THE Garden Route District Municipality has experienced severe rainfall, causing a second incident of flooding in less than a month.

This followed a revised impact-based warning for severe thunderstorms from the SA Weather Service (Saws) on Saturday. Saws said rainfall figures of more than 100mm were received and measured at its sites in the region.

Providing an update on the floods, Department of Water and Sanitation (DWS) acting provincial head Ntombizanele Bila-Mupariwa said that while heavy rains were welcome to boost water availability, water could be dangerous and potentially lethal at times.

“A fortnight ago, the Southern Cape experienced flooding, which resulted in the evacuation of people in Thembalethu, Skaapkop Valley and Pacaltsdorp and other areas.”

She said the Meiringspoort pass in the De Rust area had to be closed due to a burst in the Klaarstroom catchment leading to the river flooding, however the pass had since been reopened.

“All the major coastal dams were already full as a result of the recent high rainfall event of November 22, and due to the significant rainfall received, all of them are increasing and overflowing.

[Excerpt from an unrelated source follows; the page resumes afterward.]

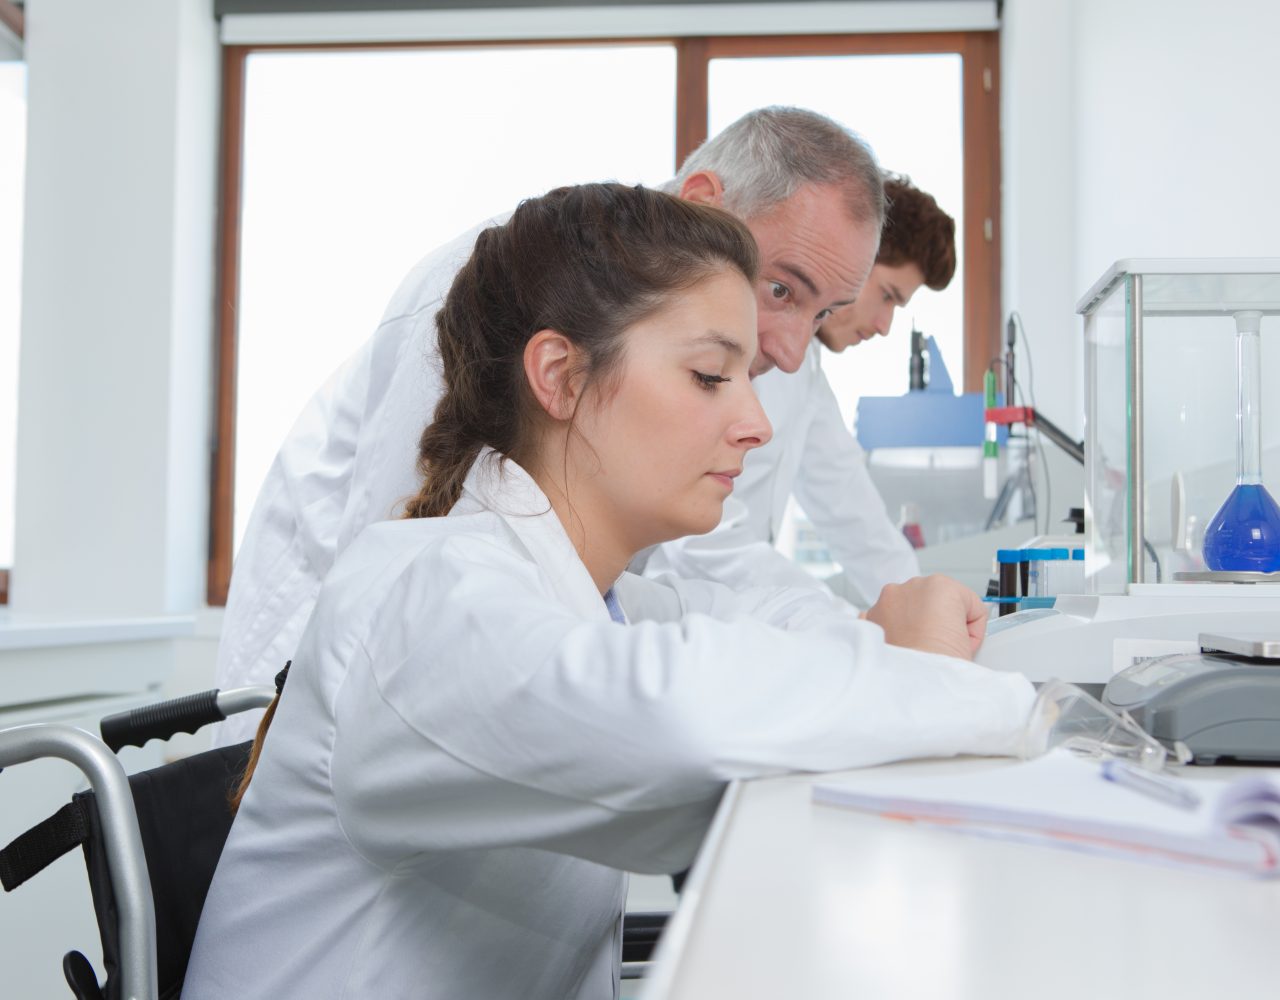 En kvindelig videnskabsmand i kørestol arbejder i et laboratorium og fokuserer på sit eksperiment, som en mandlig kollega bag hende observerer opmærksomt. de bærer begge laboratoriefrakker, omgivet af laboratorieudstyr.
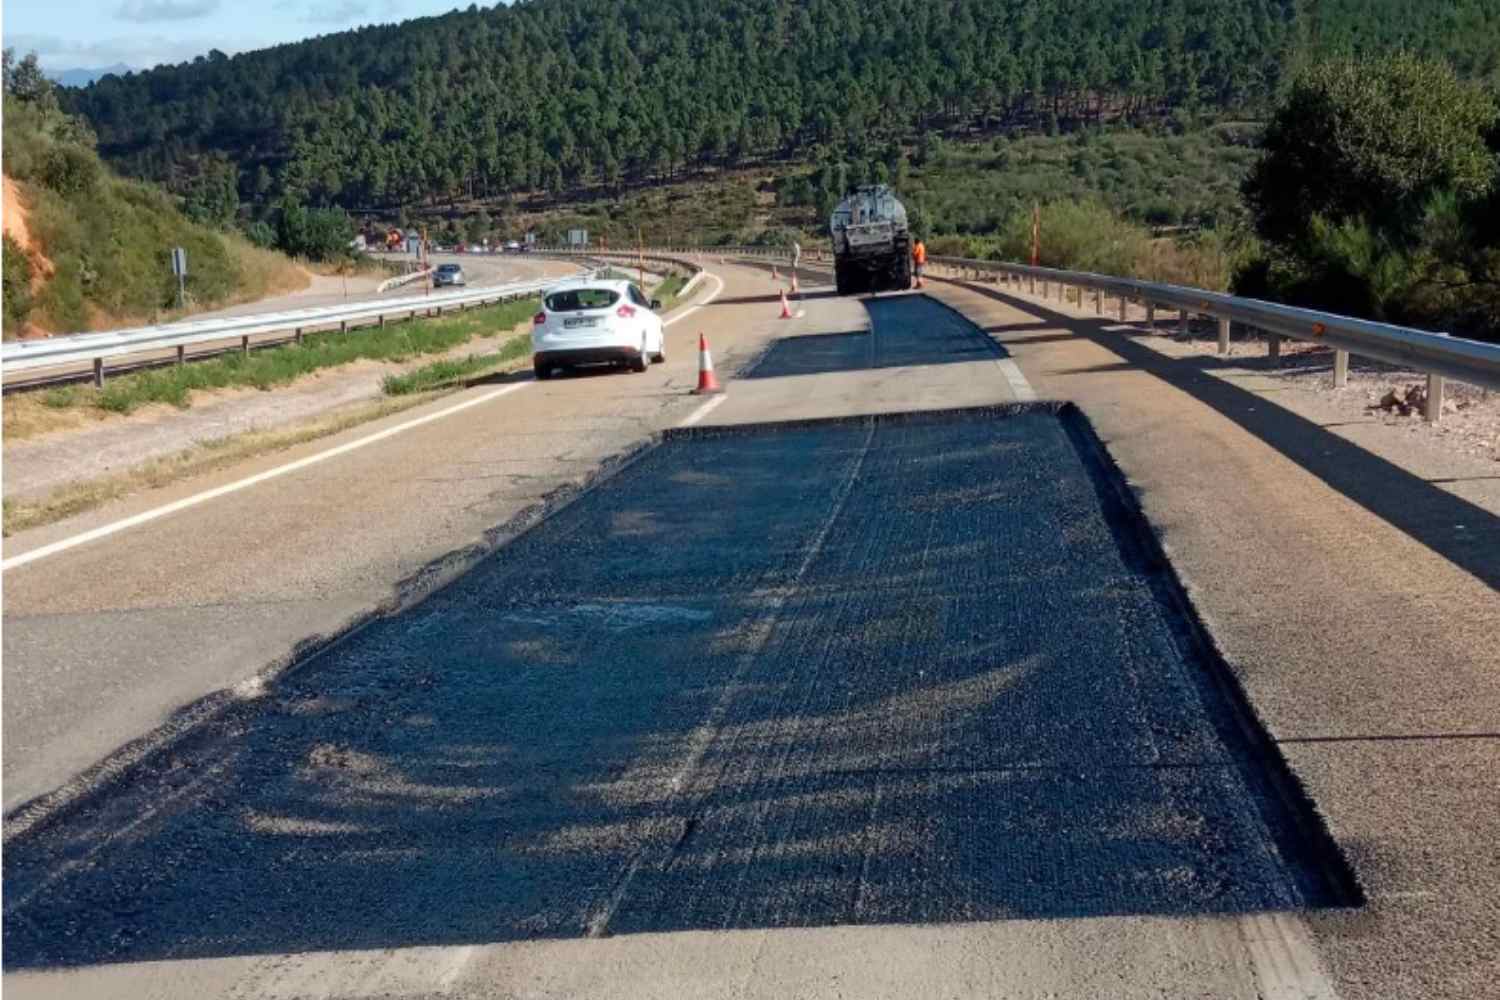 Transportes adjudica 44 millones de euros a dos contratos para la conservación de 600 km de carreteras en la provincia de León

“The Provincial Disaster Management Centre (PDMC) and sector departments are visiting all the affected municipalities in the Garden Route District Municipality to verify the flood damage.”

The latest hydrological report from DWS indicates an improvement of the Gouritz River Catchment System that covers the Central Karoo, the Little Karoo and the coastal belt of the Southern Cape.

The combined dams average of the catchment system stands at 34.6% compared to 31.4% at the same time last week.

The Olifants/Doorn River Catchment on the West Coast is standing at 98%, a significant yield compared with 89% at the same time last year.

The only dams that have recorded increases of more than 5% this week are Bulshoek, Buffeljags, and Gamkapoort.

Theewaterskloof Dam, the largest dam in the Western Cape, is stable at 98.8%.

Meanwhile, the City reported that the level of dams supplying the Cape Town Metro increased by 0.1% in the past week, from 98% the previous week to 98.1%.

At the same time last year, dam levels were at 96.9%.

Daily water consumption for the same period decreased to 786 million litres per day, down from 825 million litres the week before.